长安三年(公元703年)七月,谏议大夫朱敬则以同平章事之位跻身宰相行列。这时候他已是六十八岁的老者了,从初任洹水县尉走到今天,他耗费了几乎半生的时间。与他一同起步的许多人早已入阁任相,而他总是壮志难伸。因此在接到皇上的制书后,他感慨盈胸,满心都是说不尽的辛酸。

与他同时任为同平章事的,还有夏官尚书、检校凉州都督唐休璟。

他听武钦说,此次自己能够入阁,得益于两个人,一个人是秋官侍郎张柬之,另一个人是夏官侍郎、同平章事姚崇。而年已七十九岁的张柬之却没能拜相,这让朱敬则内心很是不安。于是,在七月的一天,他专程到秋官署拜望张柬之。

“张大人翼戴兴运,谟明帝道,沉厚多谋,资质才干在敬则之上,如今却才高运蹇,令弟深为忐忑。”

张柬之却将这一切看得很淡然,抚着朱敬则的肩头道:“大人不必如此想,我等出仕,未为稻粱谋,乃在国之兴昌。”

朱敬则就愈益感佩张柬之的品格:“大人襟怀,可以容海,日后,敬则还要仰仗大人。”

但令他没想到的是,就在两人见面后没多久,他就遇到了一件十分棘手的事。

张昌宗和张易之举报,说凤阁侍郎魏元忠曾与司礼丞高戬私下密谋,说陛下老矣,不若挟天子为久长。武曌闻之大怒,严令秋官署将魏元忠、高戬下狱。

散朝以后,他追上张柬之,十分疑惑地问道:“魏大人与高戬密谋挟持陛下,大人以为可信么?”

张柬之左右看了看道:“老夫决然不信。想想,高戬乃太平公主男宠,此为朝野尽知之事。魏大人一向谨慎,焉能与一司礼丞谈及此类秘事,显系陷害。”

“那魏大人究竟为何事得罪了太平公主?”

张柬之长叹一声道:“他哪里是得罪了太平公主,是因为他阻挡了张易之的兄弟张昌期的仕路。尤其是近来皇上多病,二张担心有一日陛下晏驾,自己被魏元忠所诛,故而罗织罪名,张昌期之事不过是个由头而已。”

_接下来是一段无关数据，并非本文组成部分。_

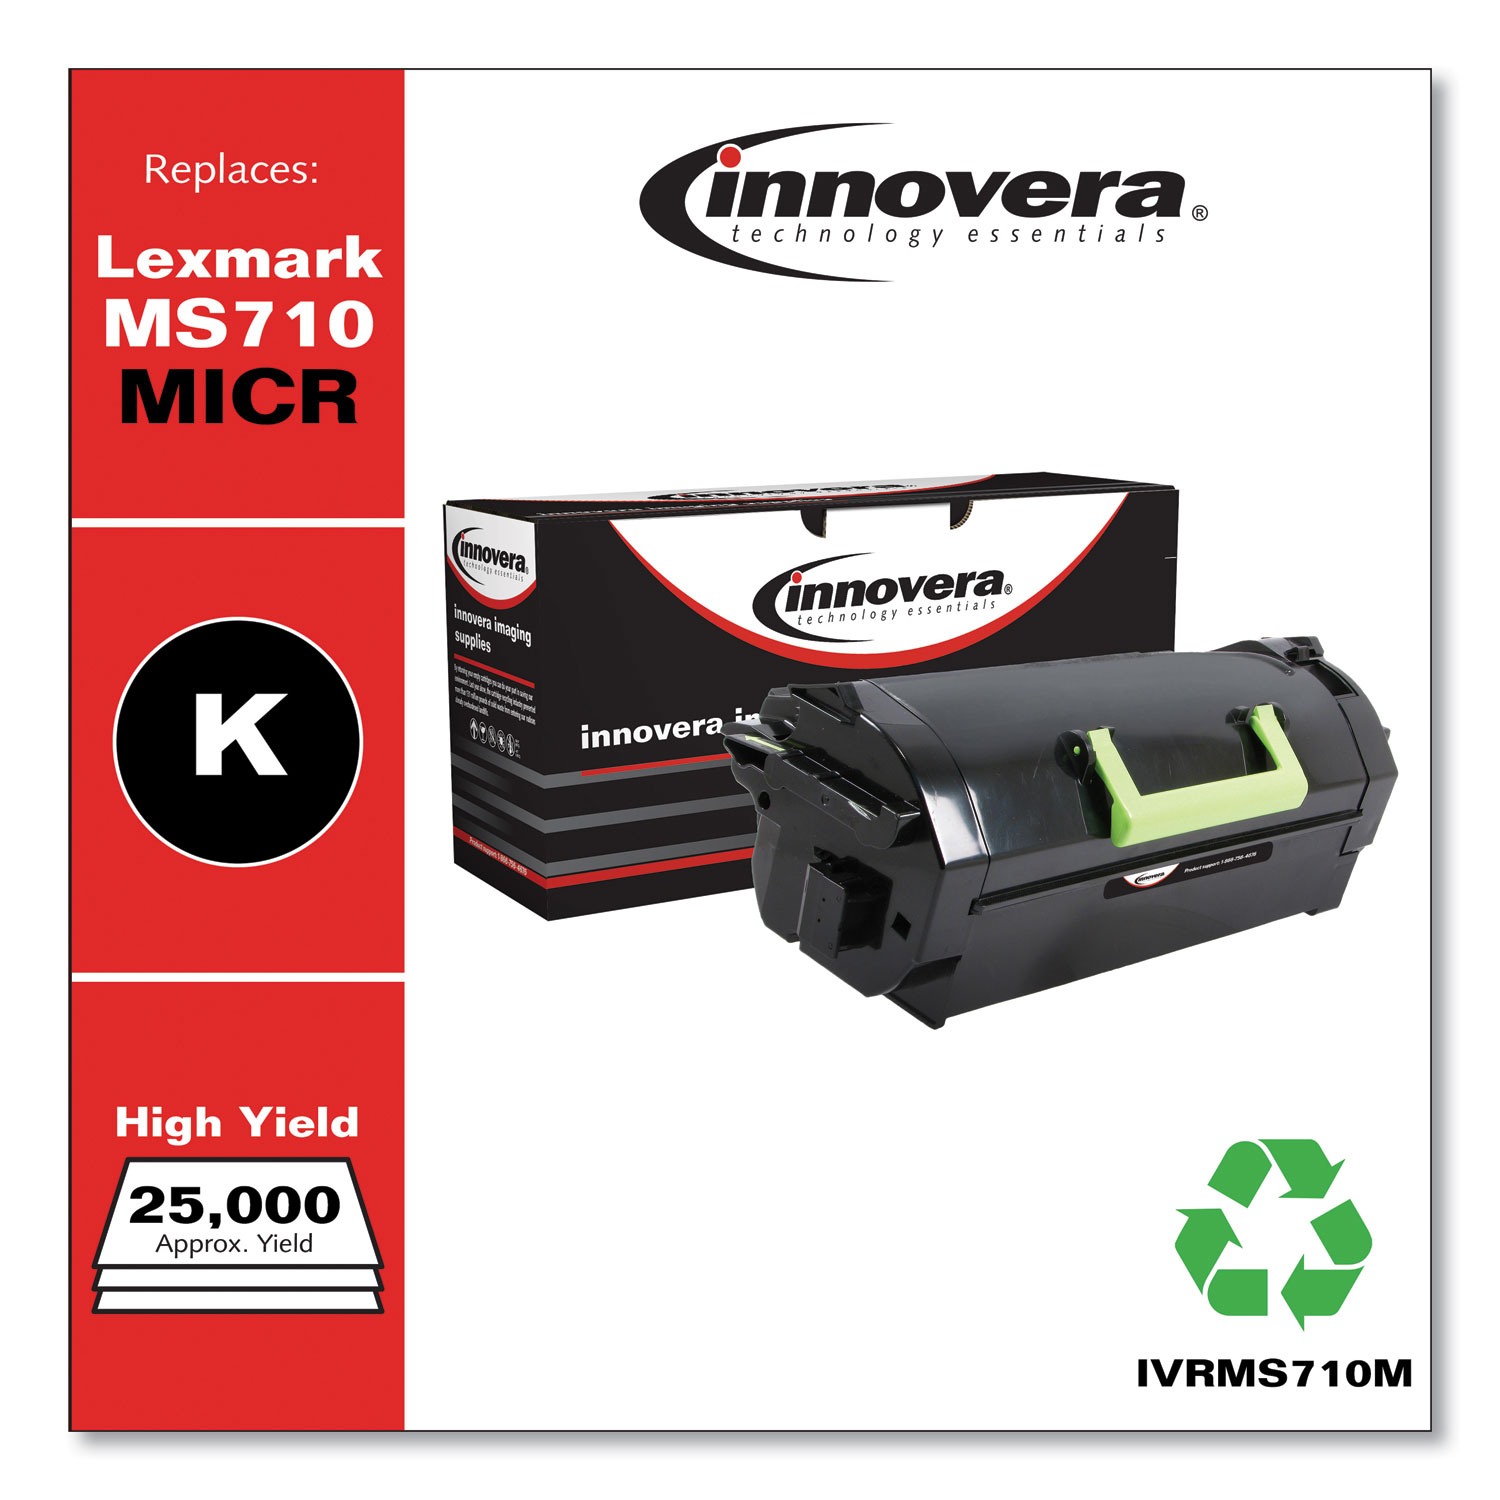  Innovera IVRMS710M Remanufactured 52D0HA0 (MS710M) High-Yield MICR Toner, 25000 Page-Yield, Black (IVRMS710M)

说起来,这还是在八月的朝会上,天官侍郎崔玄暐陈奏,说雍州长史薛季昶年迈,亟待选勤廉之官接任;而夏官署也陈奏,西突厥之突骑施酋长乌质勒与突厥诸部相攻,安西道绝,奏请朝廷商议应对之策。

夏官尚书、新任同平章事唐休璟便出列道:“所谓兵来将挡,水来土掩。陛下可命安西诸州兵马接应,利用西突厥内讧之机,正好固边。”

大臣们没有任何异议,皇上也通过了唐休璟的谏言。

可当武三思提请皇上以张易之之弟张昌期代雍州长史薛季昶之时,事情就不那么顺利了。

首先是苏味道积极响应武三思道:“张昌期者,恒公之弟也,定然能够胜任。陛下得人矣。”

武攸宜随后便附和道:“苏大人所言甚是,张大人年轻少壮,相貌堂堂,正乃国之栋梁。”

朱敬则刚刚入阁,又长期在国史馆供职,对于任吏景况知之渺渺,见大家都赞同张昌期,便迎合了众论。唐休璟也附和了武三思的谏言,他本是武将,毕其一生精力保境戍边。对于朝堂奥妙,他不甚了了。

但这种时候,武曌总是十分注意听取魏元忠的意见:“魏爱卿为何一言不发呢?”

魏元忠见皇上问话,便不假思索直言道:“若论知雍州,朝臣中无如薛季昶者,彼于任内,惩治豪强,除暴安良,辖内百姓安居乐业,朝野誉为历任长史之佼佼者。微臣不解,为何陛下要撤换他。”

“薛爱卿老矣!”

听闻陛下如此感慨,魏元忠就发现自己陷入了进退维谷的境地。他依稀记得,当年任洛州长史时,张易之之弟张昌仪借其兄之势,每次都以主将的身份听事,他的前任敢怒而不敢言。魏元忠到任后,第一次就怒斥其不懂法度,由此也得罪了张易之。还有一次,张易之的家奴恃主威势,当街殴打百姓。恰逢魏元忠从此经过,严令侍卫杖杀之。当时由于证据确凿,皇上只有责备张易之了事。如今已是他第三次得罪二张了,看来必遭弹劾了。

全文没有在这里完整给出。